• [THE DATA]
● ● ● ●

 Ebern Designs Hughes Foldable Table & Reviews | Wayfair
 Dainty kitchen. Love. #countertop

● ● ● ●

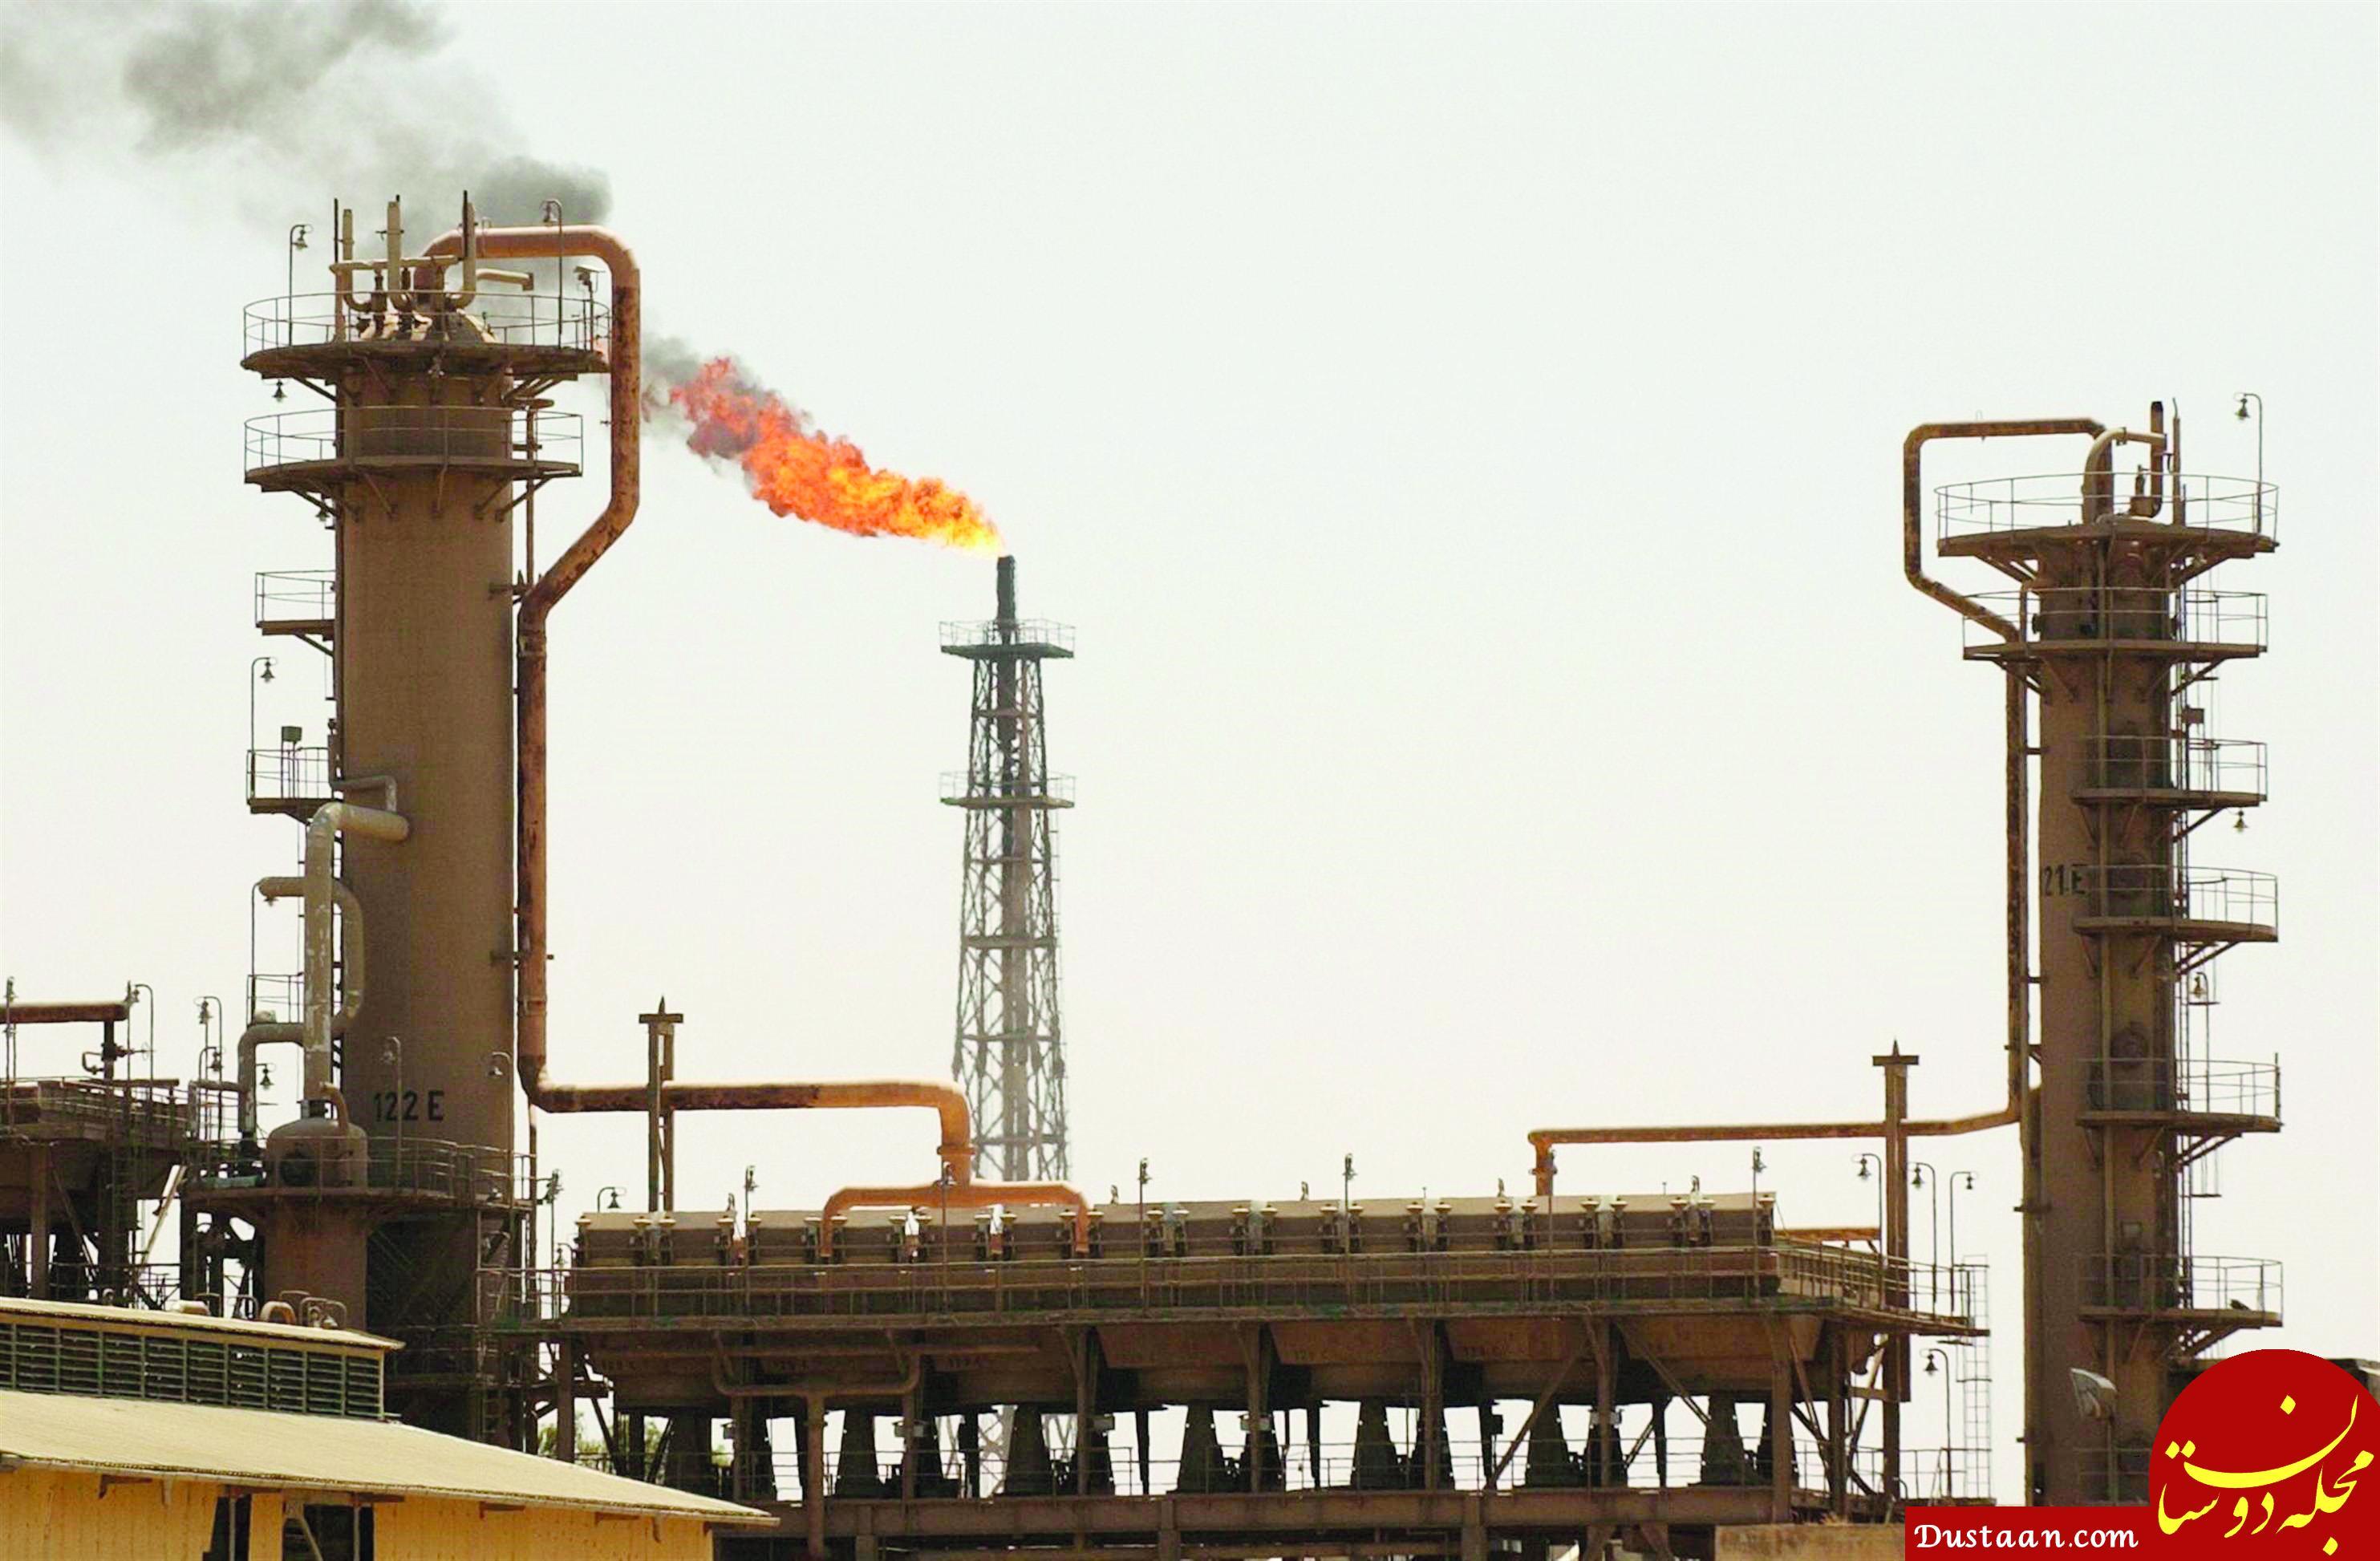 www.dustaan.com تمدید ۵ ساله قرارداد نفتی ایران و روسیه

● ● ● ●

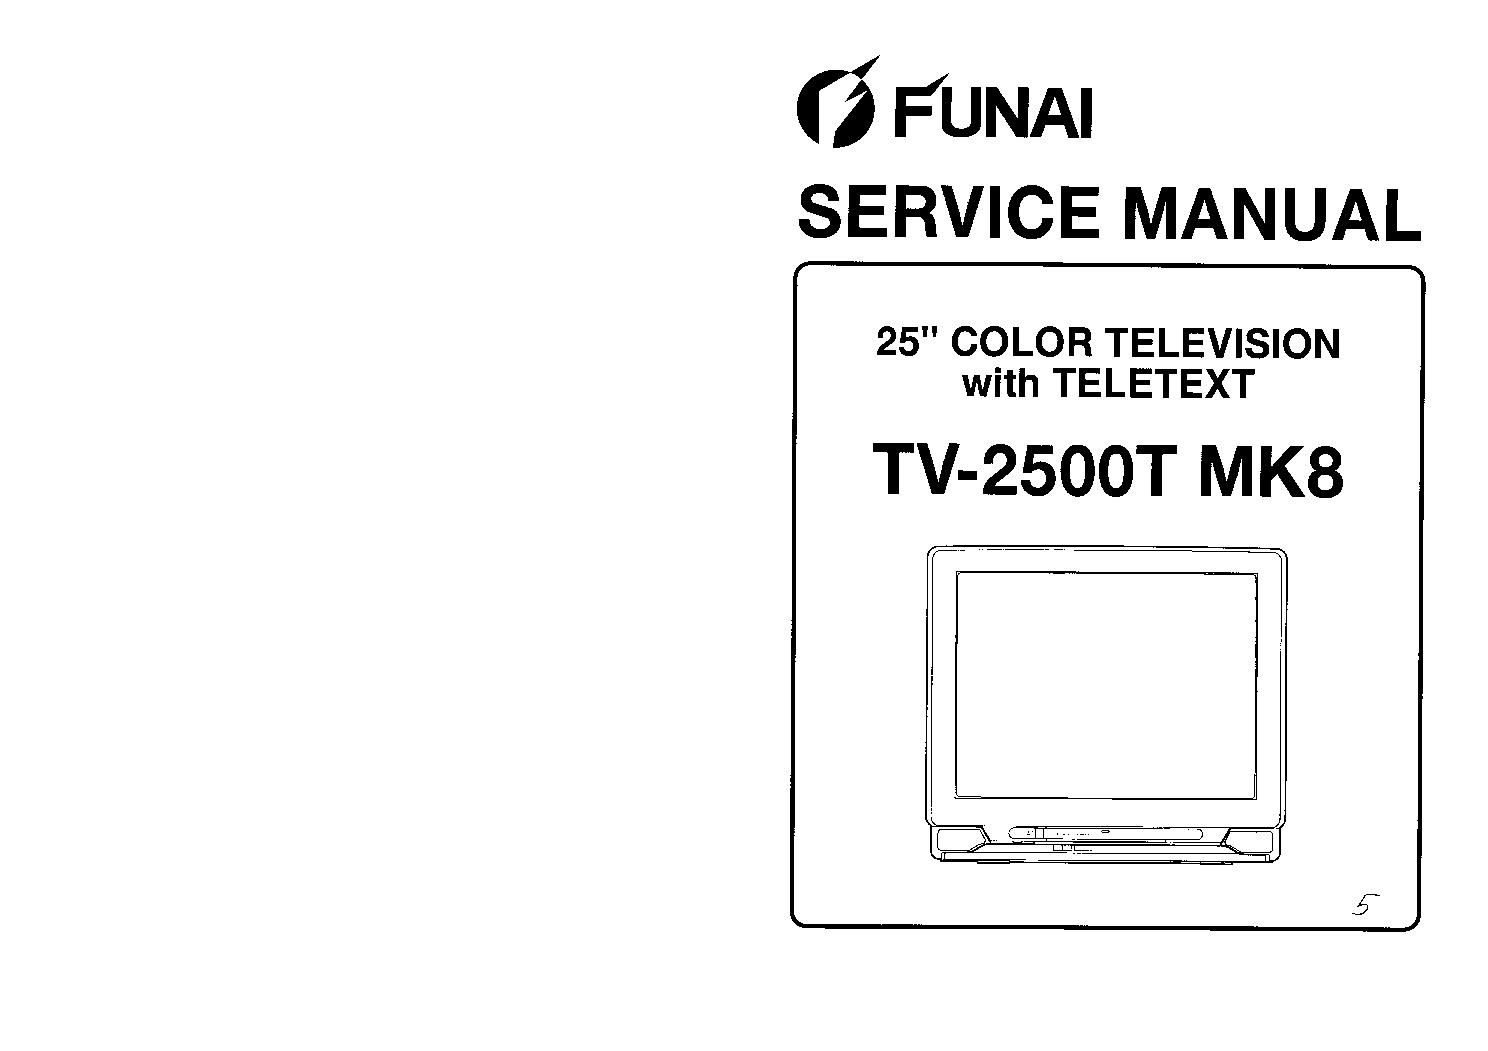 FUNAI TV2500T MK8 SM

● ● ● ●

• [THE PROBLEM] From the entries above, extract only the lines running from the one containing "Ebern Designs Hughes" through the one containing "Dainty kitchen. Love. #countertop", inclusive.

• [SOLUTION TO THE PROBLEM]
 Ebern Designs Hughes Foldable Table & Reviews | Wayfair
 Dainty kitchen. Love. #countertop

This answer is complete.